The complaint alleges that defendants failed to disclose and misrepresented the following material adverse facts which were then known to defendants or recklessly disregarded by them: (1) that the Company was operating branches in various states without obtaining the necessary regulatory licenses. Accordingly, a material amount of the Company's branch offices were conducting business in violation of the applicable laws and regulations; (2) that the risk of the Company being subject to adverse regulatory action was heightened given the aforementioned facts.
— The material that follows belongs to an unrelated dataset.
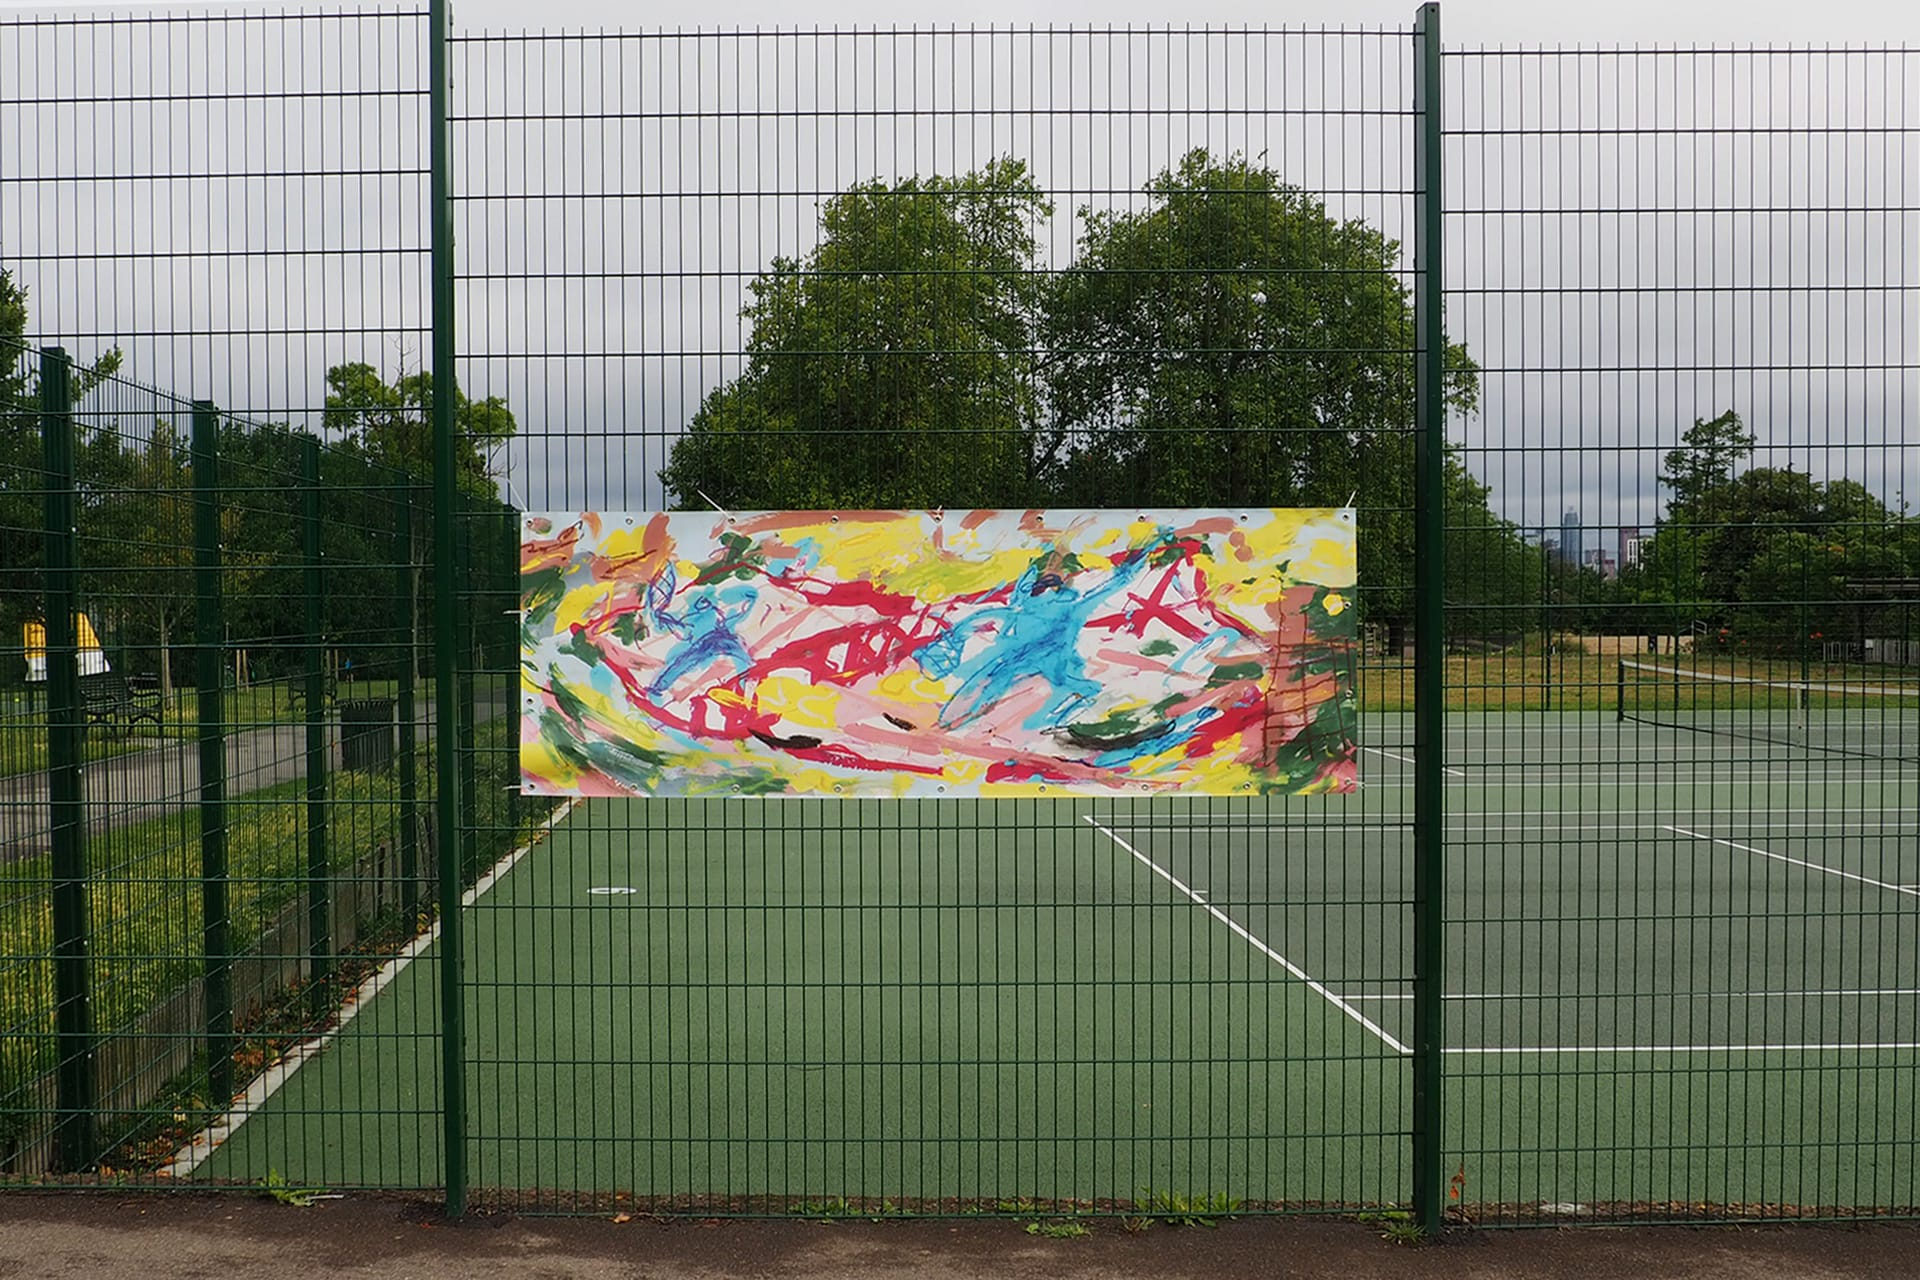 AWP (Tennis): ii

Accordingly, Novastar's purported risk disclosures concerning regulatory oversight did not constitute meaningful cautionary language; and (3) that the Company was materially overstating the growth of its network of branches as many of those purported branches either did not actually exist or were operating in violation of applicable law.

The complaint further alleges that the Company's compliance problems were exposed by The Wall Street Journal, in an April 12, 2004 article entitled 'Outside Audit: Novastar's Rise Has A Ring Of Deja Vu.' The article reported that in February 2004, Nevada state authorities ordered Novastar to cease operations there after a finding that none of the Company's branches were licensed to do business in the state. Furthermore, according to the article, 'Nevada's top mortgage-lending regulator said he found that most of the 15 branches that Novastar claimed to have in the state didn't actually exist.' In response to the facts revealed in the aforementioned news article, the price of Novastar common stock dropped from $54.18 per share to $37.50 per share on extremely heavy trading volume.